The weak fix is to swap a few words: “Social media has been proven to have a notable effect on the wellbeing of younger people.” The structure is identical, so Turnitin still flags it, then the AI check may catch it too if a tool did the rephrasing. The proper fix is to read the source, understand the finding, close the document, then write what you actually took from it: “Several studies link heavy social media use among teenagers to higher reported anxiety, though the direction of that relationship remains contested (Author, 2023).” Now it is your sentence, your framing, your citation, then it even reads as stronger analysis because you noted a limitation.
Do that across every flagged passage, then the score falls naturally without a single trick. That is the whole method in miniature: understand, rewrite from memory, cite, repeat.
Tools that help, then tools that hurt
A reference manager such as Zotero or Mendeley genuinely reduces accidental plagiarism, because it keeps every source attached to its citation from the moment you save it. You never lose track of where an idea came from, which is the root cause of most accidental copying in long projects. These tools are free, then worth the hour it takes to learn one before a dissertation rather than during it.
The tools that hurt are the ones that promise to lower your score without changing your understanding. Spinners, paraphrasing bots, then so-called humanisers rewrite sentences mechanically, which Turnitin’s 2026 model is specifically built to catch. Worse, they often introduce subtle errors into your meaning, so a passage that scanned fine becomes factually wrong. A marker reading nonsense dressed in fancy words spots it immediately. There is no shortcut that beats understanding your own sources, then writing about them in your own words. Every reliable method in this guide comes back to that single principle.
Check before you submit
Guessing your score is a gamble on the most important piece of work in your degree. Run a genuine Turnitin check on the finished draft, read the source breakdown, then fix the flagged passages while you still can. Our full walkthrough on how to
A realistic target
Do not chase zero. A dissertation at 0% similarity often means the reference list was excluded, or the work was barely engaging with existing research, which markers dislike. A healthy dissertation usually sits somewhere in the low to mid-teens once citations and the bibliography are counted. Focus on honest attribution plus original analysis. Get those right, the score takes care of itself.
FAQ section
What is an acceptable plagiarism percentage for a dissertation?
There is no fixed UK threshold, but low to mid-teens is common once citations and the reference list are counted. What matters is the source of each match. Properly cited quotes are fine, while uncited or closely paraphrased passages are the real risk regardless of the headline percentage.
How do I paraphrase without plagiarising?
Read the source, understand it, then close it and write the idea in your own words from memory. Reopen it only to check facts. Swapping synonyms while keeping the original sentence structure does not work and is detected easily, so genuine rewriting from understanding is the reliable method.
Does Turnitin count my reference list in the score?
It depends on the institution.

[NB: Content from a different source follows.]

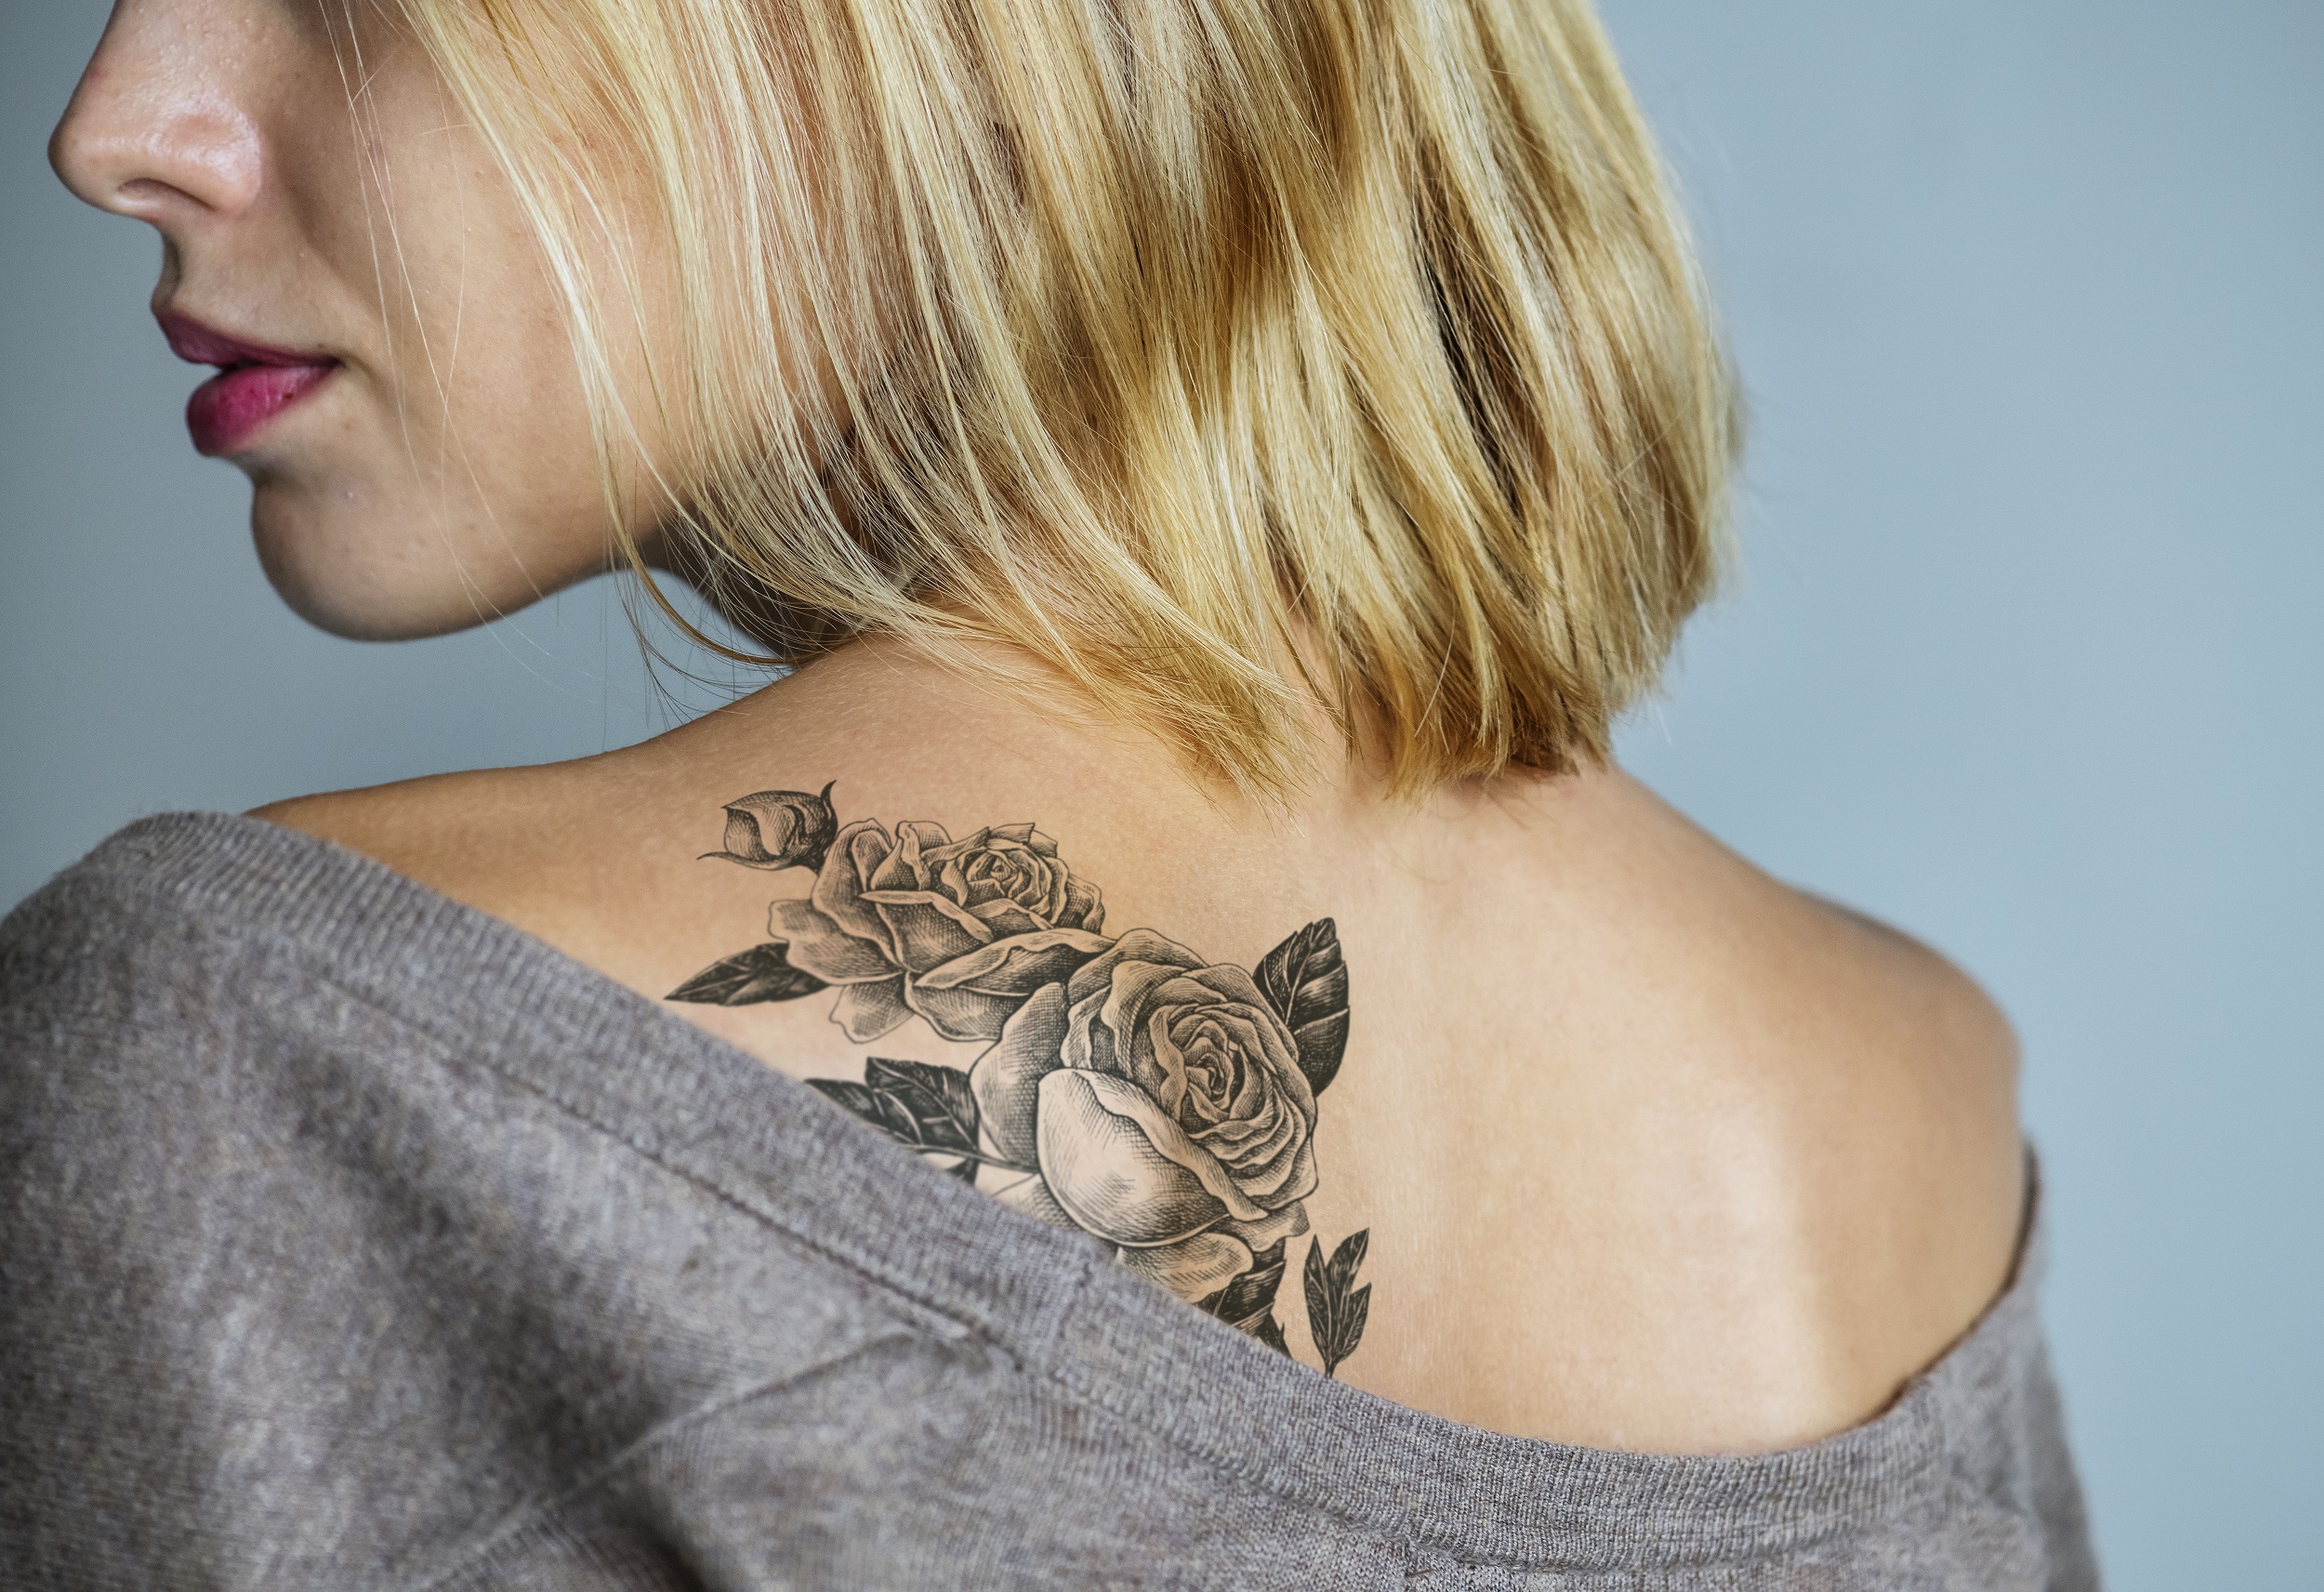 Exposição na Alemanha inova ao tratar tatuagem como arte - GGN

Many exclude the bibliography automatically, but not all. If your reference list is inflating your score, ask your module tutor whether exclusions apply to your assignment before you start cutting genuine references.
Should I aim for a zero percent similarity score?
No. A zero score often signals an excluded reference list or weak engagement with existing research, which markers view negatively. Aim for honest attribution and strong original analysis instead, then accept the modest similarity that good academic writing naturally produces.